Similarly, for discretionary exclusion, automation would primarily be based on retrieving information concerning grounds not easily or routinely captured in existing databases (eg conflicts of interest), as well as limited by increasingly constraining CJEU case law demanding case-by-case assessments by the contracting authority in ways that diminish the advantages of automating eg red flags based on decisions taken by a different contracting authority (or centralised authority).

Finally, automating qualitative selection would be almost impossible, as it is currently mostly based on the self-certification implicit in the ESPD. Here, the 2014 Public Procurement Directives tried to achieve administrative simplification not through the once only principle (which would be useful in creating databases supporting automatisation of some parts of the project, but on which a 2017 project does not seem to have provided many advances), but rather through the ‘tell us only if successful’ (or suspected) principle. This naturally diminishes the amount of information the public buyer (and the broader public sector) holds, with repeat tenderers being completely invisible for the purposes of automation so long as they are not awarded contracts.

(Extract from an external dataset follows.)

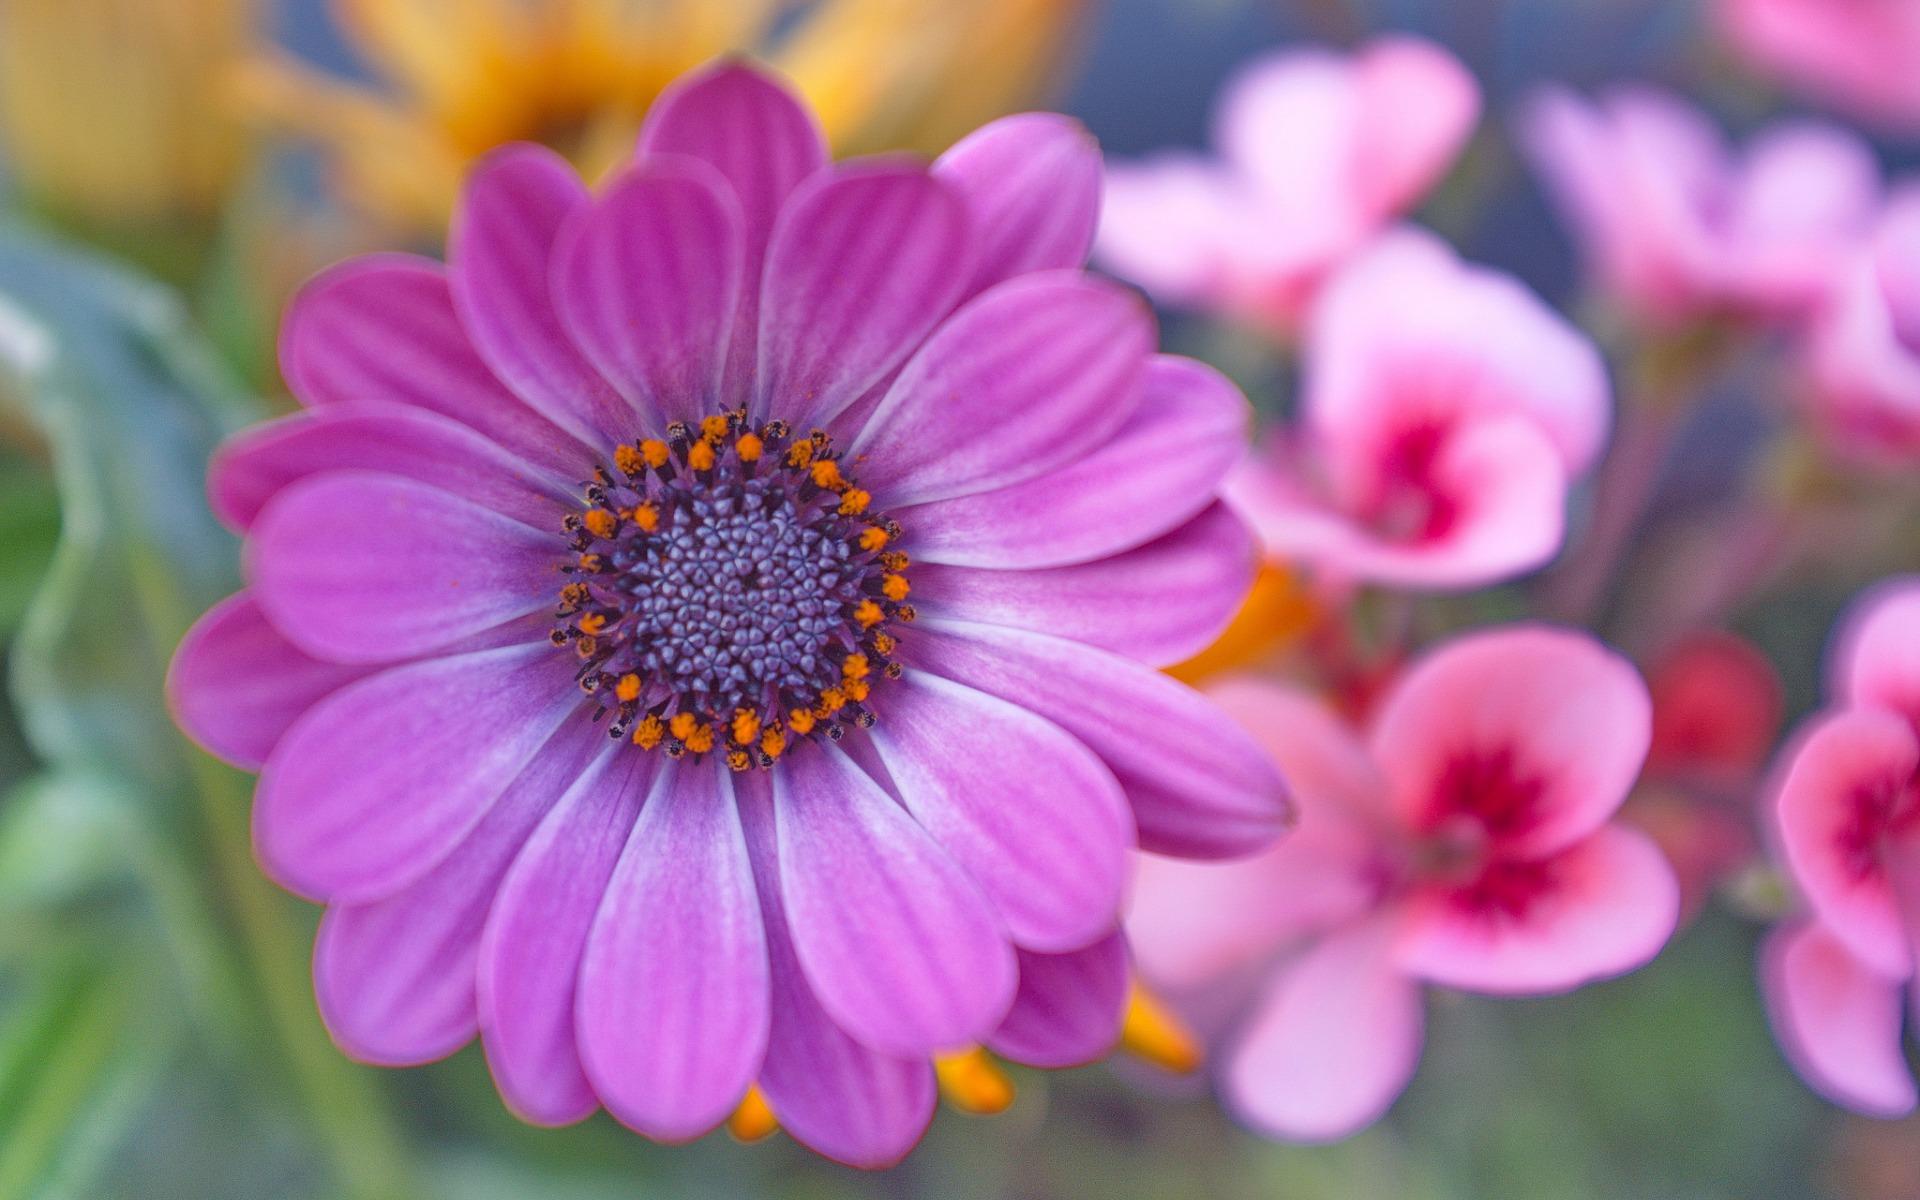 hinh anh hoa cuc dep 54

All of this leads me to think that there is a big blind spot in the current EU approach to open procurement data as the solution/enabler of automatisation in the context of EU public procurement practice. In fact, most of the crucial (back office) functions — and especially those relating to probity and quality screenings relating to tenderers — will not be susceptible of automation until (or rather unless) different databases are created and advanced mechanisms of interconnection of national databases are created at EU level. And creating those databases will be difficult (or simply not happen in practice) for as long as the ESPD is in place, unless a parallel system of registration (based on the once only principle) is developed for the purposes of registering onto and using eProcurement platforms (which seems to also raise some issues).

So, all in all, it would seem that more than ever we need to concentrate on the baby step of creating a suitable data architecture if we want to reap the benefits of AI (and robotic process automation in particular) any time soon. As other jurisdictions are starting to move (or crawl, to keep with the metaphor), we should not be wasting our time.